The images of Sarajevo were the first time I felt the emptiness which war brings. I hope I never have to experience it firsthand, and I remember praying as a teenager for my brothers and cousins, afraid that a war would break out, the draft reinstated, and my peace-loving, artsy family members would be forced to face atrocities no one wishes to see in our brief lifetimes. When I was in college and for two decades afterwards, many of my peers went off to fight in Iraq and Afghanistan. Here in America, life remained largely undisturbed, except for the news coverage and the friends and relatives returning battered or in coffins a reminder of the situation in another land.
I have read memoirs from the Holocaust since I was in high school, met new friends who were Syrian refugees in Houston, TX, and when living in St. Louis, Missouri, learned how the Bosnian refugees transformed rough, blighted parts of the city into thriving communities. From these stories and experiences, I cherished the peace I have experienced. Throughout the United States, in all of the regions I have lived and traveled, I enjoyed the relative safety of walking in the cities visiting cafes, meeting up with friends, soaking up the sun on a beautiful day. I have had the privilege of hiking in beautiful National Parks. I have gone peach picking in a local orchard. I have canoed down many rivers and walked many garden paths, felt the ease of strolling city sidewalks with my fellow strangers bustling about to their jobs and lunch dates. The beauty of peace is that humans are free to pursue their plans for the day, to dream about their lives and work towards their goals. Peace is the ability to walk into a grocery store expecting food to be on the shelves, to hail a taxi or Uber when you need one, to buy the toiletries you need on a daily basis, and to turn to loved ones for connection and laughter. Peace is the ability to go into your home or apartment complex without fear- to have a deep sleep, enjoy hobbies, feel a sense of safety, and to peer through clear glass at the world outside. It is a gift to wander busy streets lined with beautiful, towering buildings representing a wide range of architectural design still intact after generations of humans live and move among them. It is a gift to wash the windows of your own home thinking about meeting up with friends for dinner later.
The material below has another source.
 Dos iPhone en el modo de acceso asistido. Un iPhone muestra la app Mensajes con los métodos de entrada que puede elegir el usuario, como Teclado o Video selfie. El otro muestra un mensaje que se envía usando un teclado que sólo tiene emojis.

The travesty and evil of war is that people in power decide to throw the lives of the vulnerable into chaos, or to take away their chance at living at all. This life is brief for every creature on the planet. War mongers rarely bomb rice fields or forests. Their aim is to enact the most damage, fear, and destruction possible. Cities- with all of the people going to church, synagogue or temple, planning their weekly meals in grocery store aisles, attending school and meetings- are the places that are gutted by war. It is sick to decide to take the most lives possible by targeting hospitals and apartment buildings, choosing to cripple food supplies, to tear families and communities apart.
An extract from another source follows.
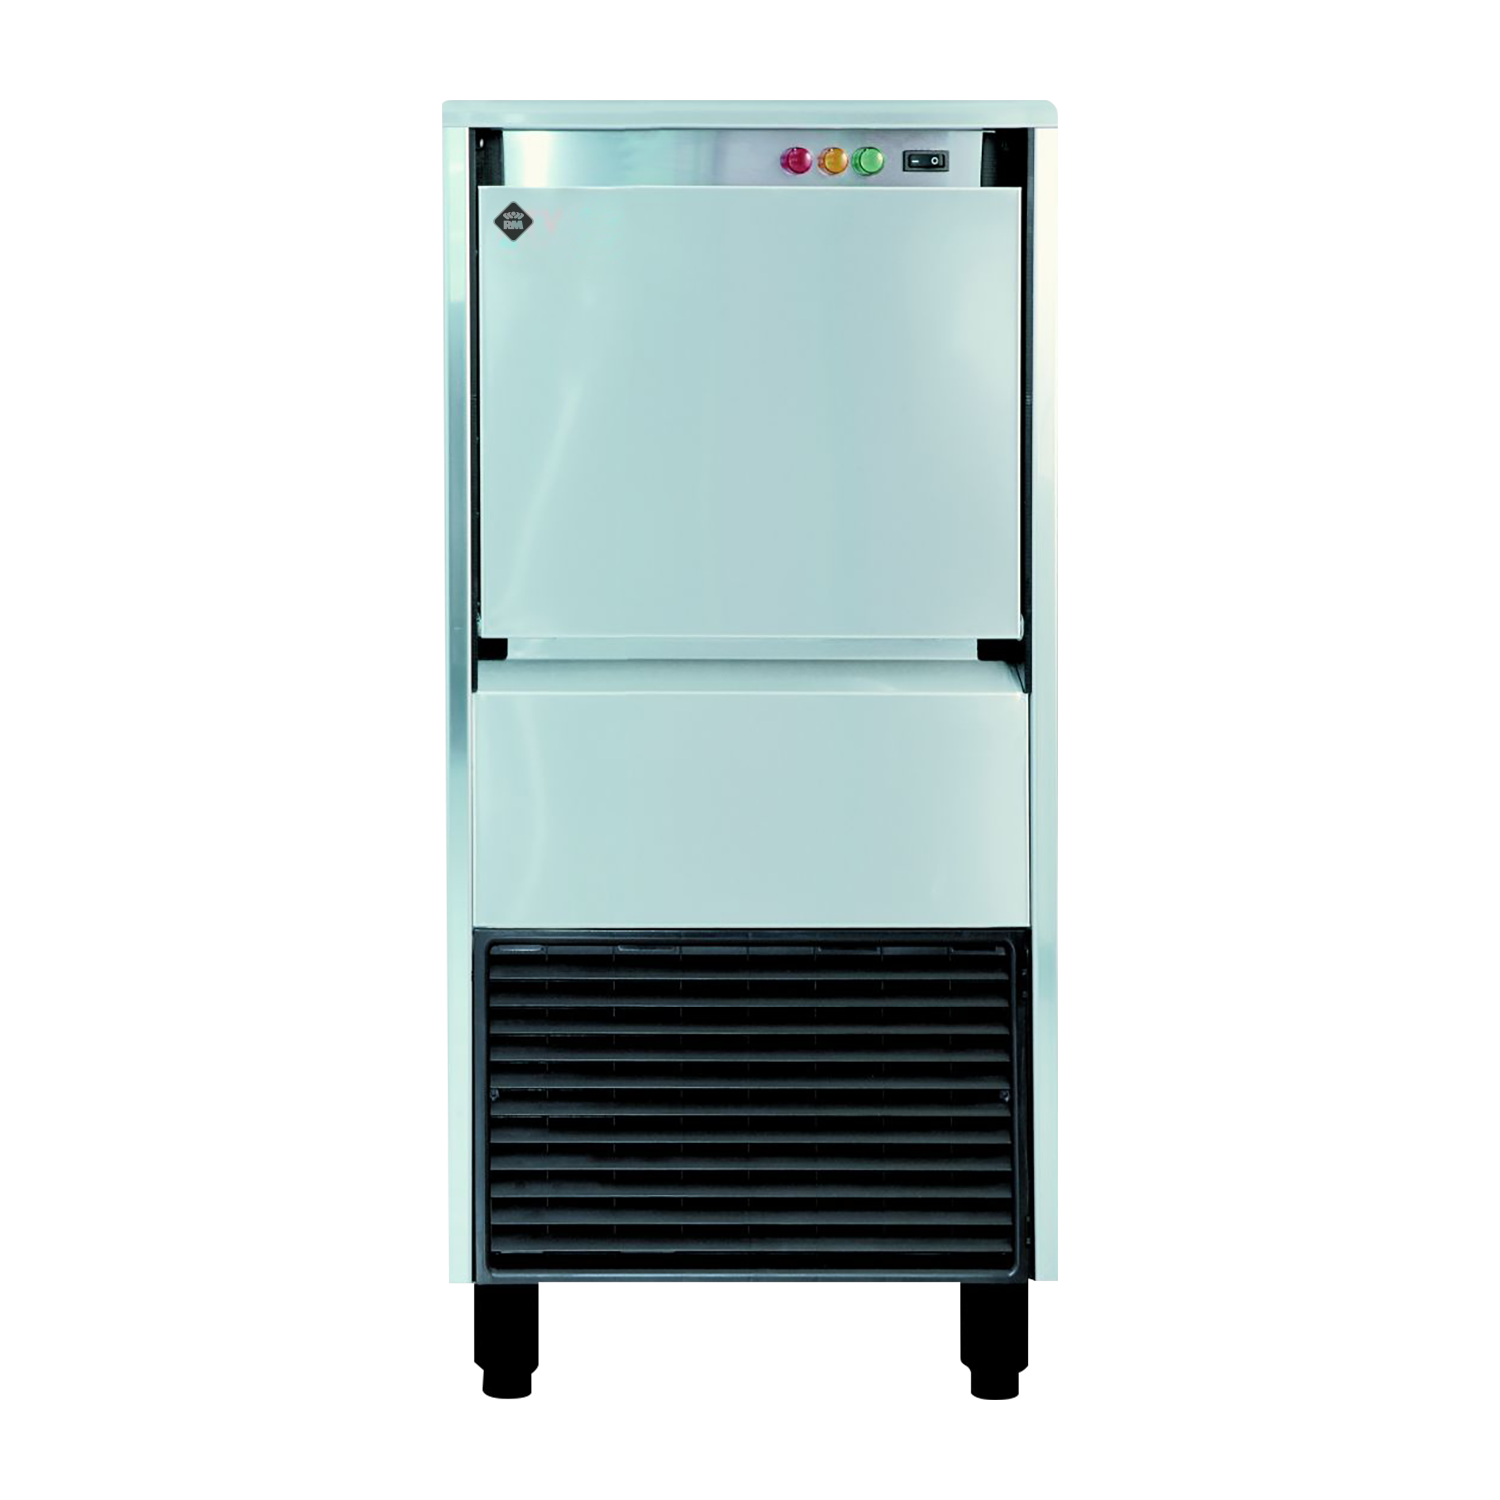 IMD 9020 W - Výrobník ledové drtě chl. vodou 88 kg/24h

These are the things I think about when I see images of buildings ravaged by war, reduced to rubble in the once vibrant streets, or standing half crumbled with empty windows like the soulless gaze of a person’s eyes whose dreams for a new day died with them.
Yes, we take the wonderful details of peace for granted (you describe them so well) until we see the true horror of war. I’m glad you got to hear the musical version of it again. Thanks for posting this.